Of course, it would be better to sign up blithely and move on. Of course, rejection batters many reputations and presages much turmoil.
But the blow is emotional and symbolic rather than practical or crucial.
Europe's single foreign supremo is never going to supplant his British, French or German masters when the chips are down on Iraq or Middle East peace or relations with Bombardier George W. Bush. He's there to manage the small change of diplomatic cooperation around the world.
He's no match for US Secretary of State Condoleezza Rice -- just as, come to think of it, Rice is no match for her predecessor Colin Powell, because Bush's second administration has already lost clout and direction.
Does it make sense to have a more permanent president of the council based in Brussels rather than swap Europe's titular leadership every six months? Yes; but the difference is more administrative than ideological (and in no way crucial, except as a job opportunity for retired prime ministers). Are many of the scrapped vetoes vital? No; even our own, dear Tory party wouldn't claim that in detail.

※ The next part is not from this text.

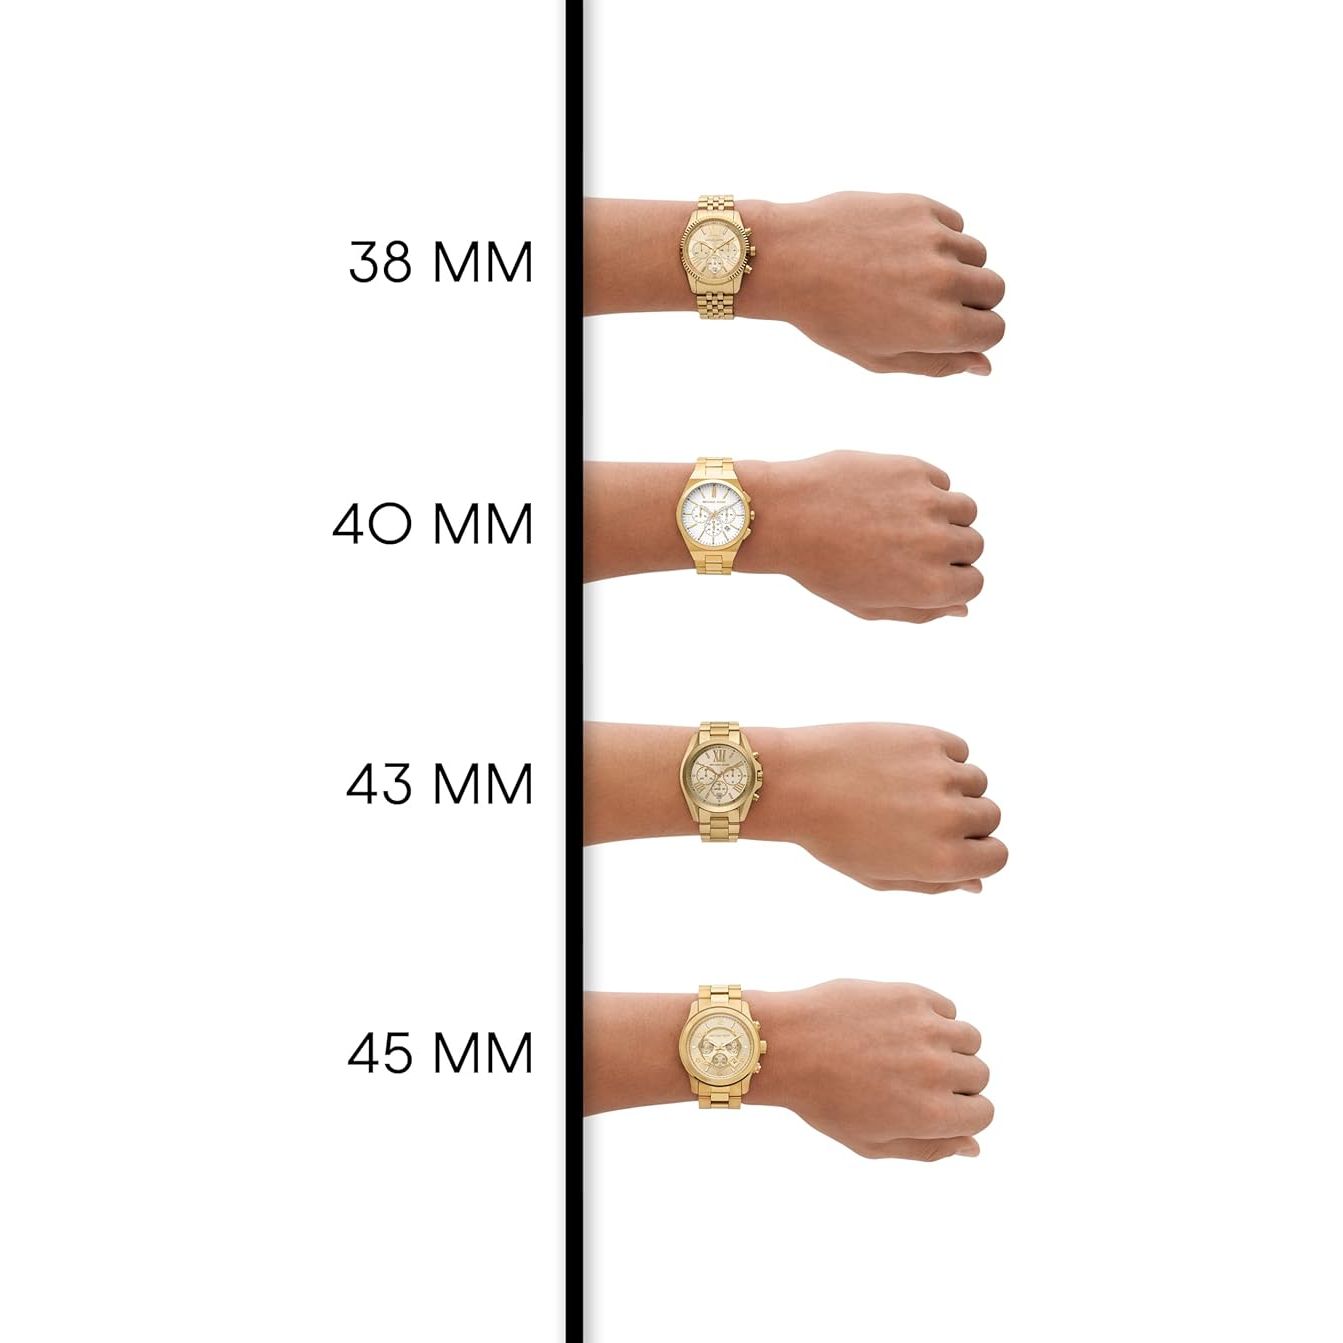 Michael Kors Women's Watch - Slim Runway Two-Tone 42mm (MK3479)

The big point, then, is that there isn't a big, substantive point. The trouble lies in faith and vision and explanation, not in the horrors of lurking subclauses. A project deficiency. And we can't, any longer, do the faith thing without going back to basics.
The European Community, and its successor the EU, rose from the ashes of a continent laid waste by repeated war. It sought to close the fault lines for ever, to merge national interests into a single interest of peaceful and prosperous intent. Inevitably, its definition of Europe left out the lost lands of the east. This was western Europe; this was Bonn and Paris getting their acts together.
But dismantle the Berlin wall, reunite Germany and bring Poland and Hungary (let alone Romania, Croatia, Ukraine and Turkey) into the ambit of this "ever closer union," and it all changes. The new EU is a tremendous spreader of democratic practice and market reform, but its flame has flickered away. It is something different now, not more of the same.
Here's where anyone following the French debate has found such perplexity. It has often seemed as though -- two oblivious years too late -- France was deciding whether to let Poland inside the club. Here's where old ideas -- such as the wonder of a common currency -- have struggled to cope with a multiplicity of new and very different economies. Here's where one size (for Bulgaria and Belgium, say) can't remotely fit all far into the future. Here's why Warsaw's idea of a competitive society simply doesn't match the German SPD's approach just over the border. Here's why job mobility between states has become such a brutal, racist vexation.
The incoherence is fundamental, the tendency -- wondrously illustrated during France's debate -- to impose sinister constructions on the most blameless and boring of paragraphs irresistible. This is the new bespoke Europe, with Cyprus for fear of the Turks and Turkey in search of a national identity and the Baltic tiddlers looking apprehensively over their shoulders at Moscow. The motivations for joining and participating are cut 25 ways; so is what British Prime Minister Tony Blair likes to call the "heart" of the project.
None of this, if you can still smile, is fatal. All of it can and should be part of building a future where history never ends. But we can't do that by mystic diktat. "Old" Europe, by chance, is clapped out for the moment, with a defeated German chancellor building his own knacker's yard and a French president building only contempt.
Reassessment couldn't look more inopportune or disquieting.
But to hell with that. You can't run on empty indefinitely. You have to pause, refuel and travel on. You have to smile over what has been achieved and what more can be made of a unique engine of hope.
It ain't broke, but it needs all our fixing.